Film described herein also can be used for preparing comprise made by identical film or contain packing with two or more interlayers of the combination of the film of other polymer materials.In another embodiment, this packing can comprise two or more interlayers, and one of them interlayer part is made by film of the present invention, and preferably this film consists of the outer wall of packing.

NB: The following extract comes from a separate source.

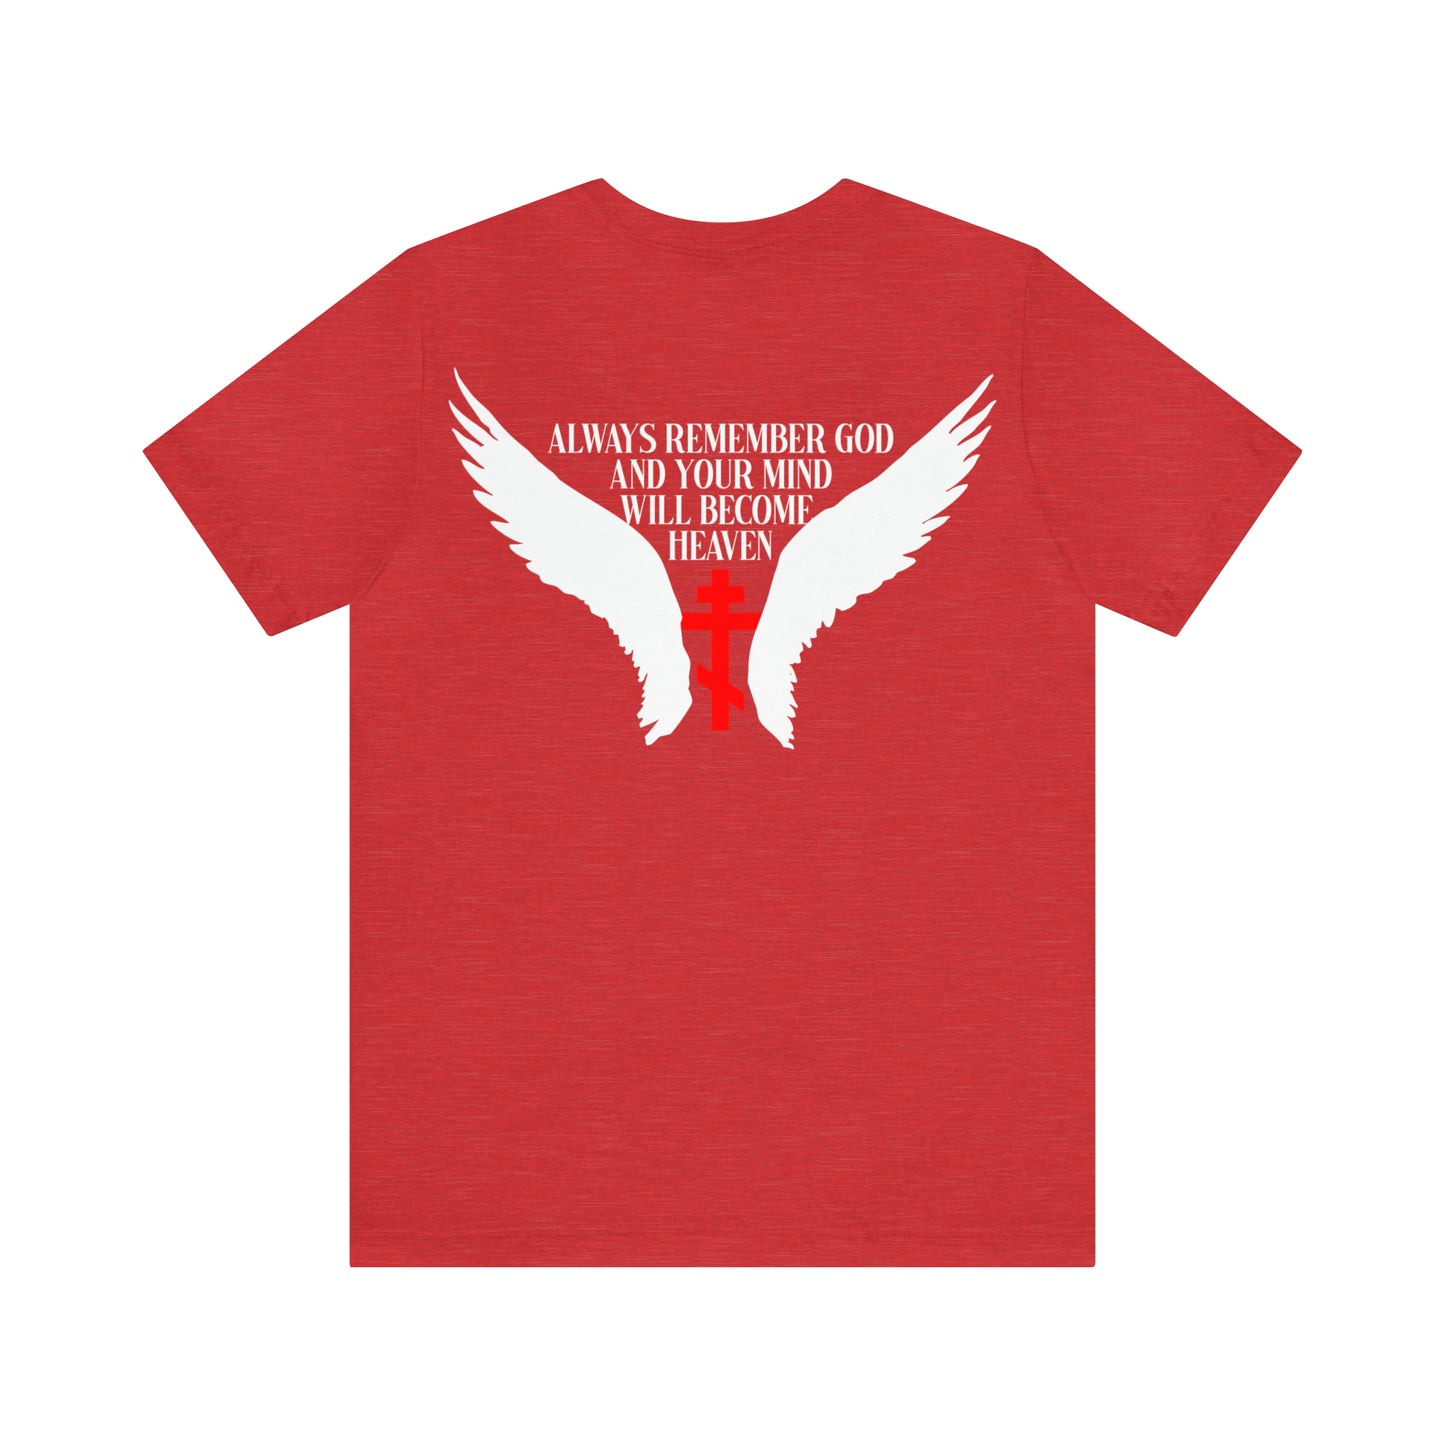 It's Later Than You Think No. 3 Split W/ Always Remember God and Your Mind Will Become Heaven No. 1 | Orthodox Christian T-Shirt

For example, as well known in the art, casting, the blowing by polymer materials, extrude or blowing is extruded and can be obtained auxiliary film.Suitable preferred polymkeric substance, multipolymer or derivatives thereof as auxiliary film is selected from polyvinyl alcohol, Polyvinylpyrolidone (PVP), polyalkylene oxides, acrylamide, vinylformic acid, Mierocrystalline cellulose, ether of cellulose, cellulose ester, cellulose amides, polyvinyl acetate (PVA), poly carboxylic acid and salt, polyamino acid or peptide, polymeric amide, polyacrylamide, toxilic acid/acrylic acid multipolymer, the polysaccharide that comprises starch and gelatin, natural gums such as xanthan gum and carrageenin.Preferred polymkeric substance is selected from polyacrylic ester and water-soluble acrylic ester multipolymer, methylcellulose gum, Xylo-Mucine, dextrin, ethyl cellulose, Natvosol, Vltra tears, Star Dri 5, polymethacrylate, and most preferably is selected from polyvinyl alcohol, polyvinyl alcohol copolymer and Vltra tears (HPMC) and their combination.Preferably, for example be that polymkeric substance content in wrapping material of PVOH polymkeric substance is at least 60%.This polymkeric substance can have any weight-average molecular weight, and is preferred about 1000~1,000,000, and more preferably from about 10,000~300,000, further more preferably from about 20,000~150,000.Most preferred wrapping material are the PVOH film, are known as the commodity MONOSOL M8630 by name of the MONOSOL LLC sale of Indiana, USA Merrillville, and the PVOH film with corresponding solubility and plasticity-characteristic.Be applicable to other film of the present invention and comprise the film that is known as commodity PT film by name or the K series membranes of being supplied by Aicello, the VF-HP film of perhaps being supplied by Kuraray.